Gated Associative Memory: A Parallel O(N) Architecture for Efficient Sequence Modeling

This is the official PyTorch implementation for the paper "Gated Associative Memory: A Parallel O(N) Architecture for Efficient Sequence Modeling" by Rishiraj Acharya.

This repository contains the source code for the GAM model (gam_model.py), the main benchmarking script to reproduce experimental results (benchmark.py), and the scaling analysis script (scale.py).

Abstract

The Transformer architecture, while powerful, scales quadratically with sequence length (O(N²)), creating a bottleneck for long-context tasks. We propose the Gated Associative Memory (GAM) network, a novel, fully parallel architecture for sequence modeling that exhibits linear complexity (O(N)). The GAM block replaces self-attention with two parallel pathways: a causal convolution to capture local context and a parallel associative memory retrieval mechanism for global, content-based patterns. These pathways are dynamically fused via a learned gating mechanism. Our experiments on WikiText-2 and TinyStories show that GAM is consistently faster and achieves superior or competitive perplexity compared to standard Transformer and Mamba baselines, establishing it as a promising and efficient alternative for sequence modeling.

Key Features

Linear Complexity: O(N) time and memory complexity, enabling efficient processing of very long sequences.
Fully Parallelizable: The architecture contains no recurrent components, allowing for maximum utilization of modern hardware like GPUs.
Dual-Pathway Design: Explicitly decomposes context modeling into a Local Pathway (Causal Convolution) for syntax and a Global Pathway (Associative Memory) for semantics.
Dynamic Gating: A learned mechanism dynamically fuses local and global information on a per-token basis, adding expressivity.
Superior Performance: Outperforms strong Transformer and Mamba baselines in both speed and perplexity on benchmark datasets.

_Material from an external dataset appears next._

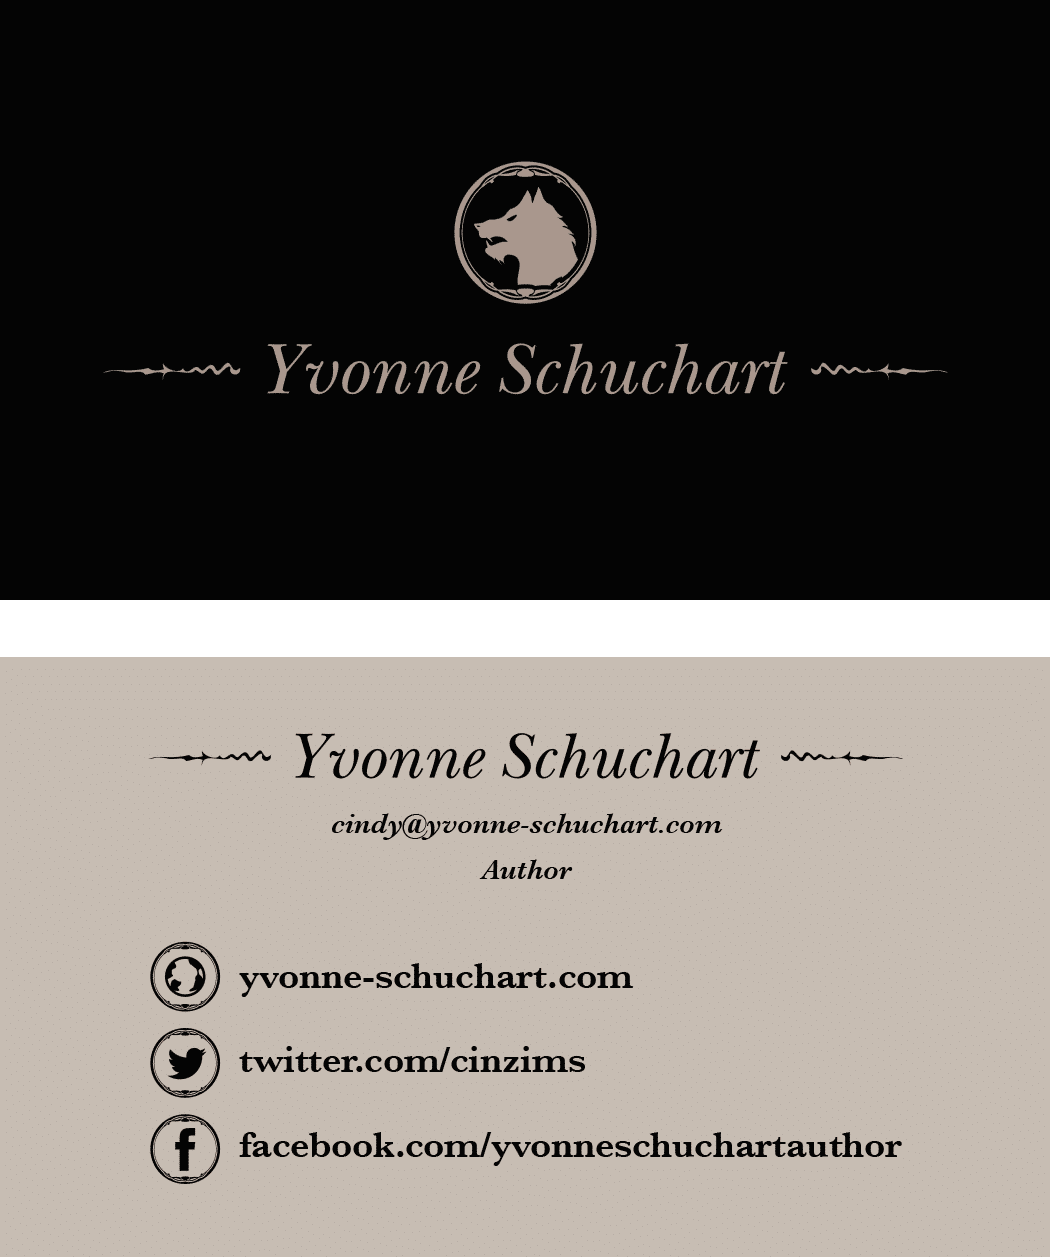 Yvonne Schuchart Business Card Design

Architecture: The GAM Block

The core of our model is the GAMBlock, which replaces the traditional multi-head self-attention layer.

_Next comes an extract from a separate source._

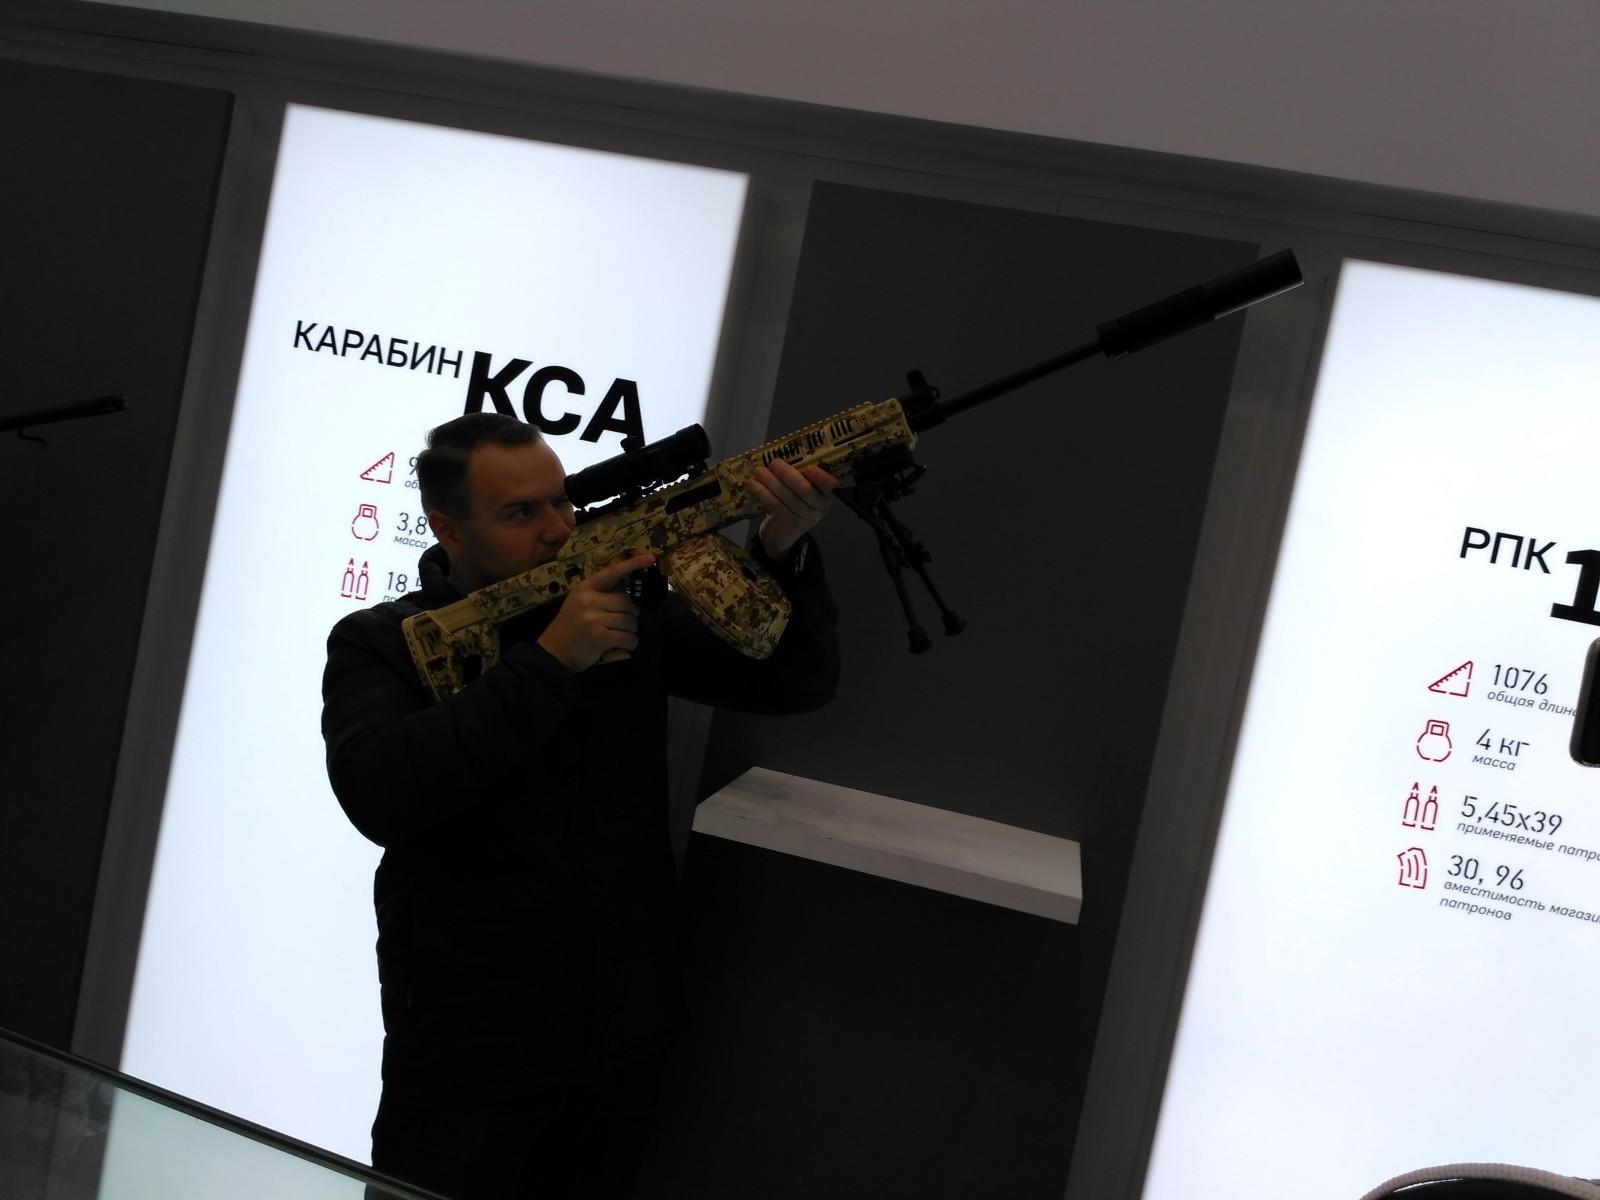 Ручной пулемет РПК-16 под патрон 5,45х39 от концерна «Калашников»

Figure 1: The input x is normalized and then processed by two parallel pathways. The Local Pathway uses a Causal 1D Convolution, while the Global Pathway queries a learnable Memory Bank. The outputs are dynamically combined by a learned gate and added to the residual connection, followed by a standard FFN.

Installation

Clone the repository:

git clone https://github.com/rishiraj/gam.git
cd gam

Create a virtual environment (recommended):

python -m venv venv
source venv/bin/activate  # On Windows, use `venv\Scripts\activate`

Install the required dependencies: A requirements.txt file is provided for easy setup.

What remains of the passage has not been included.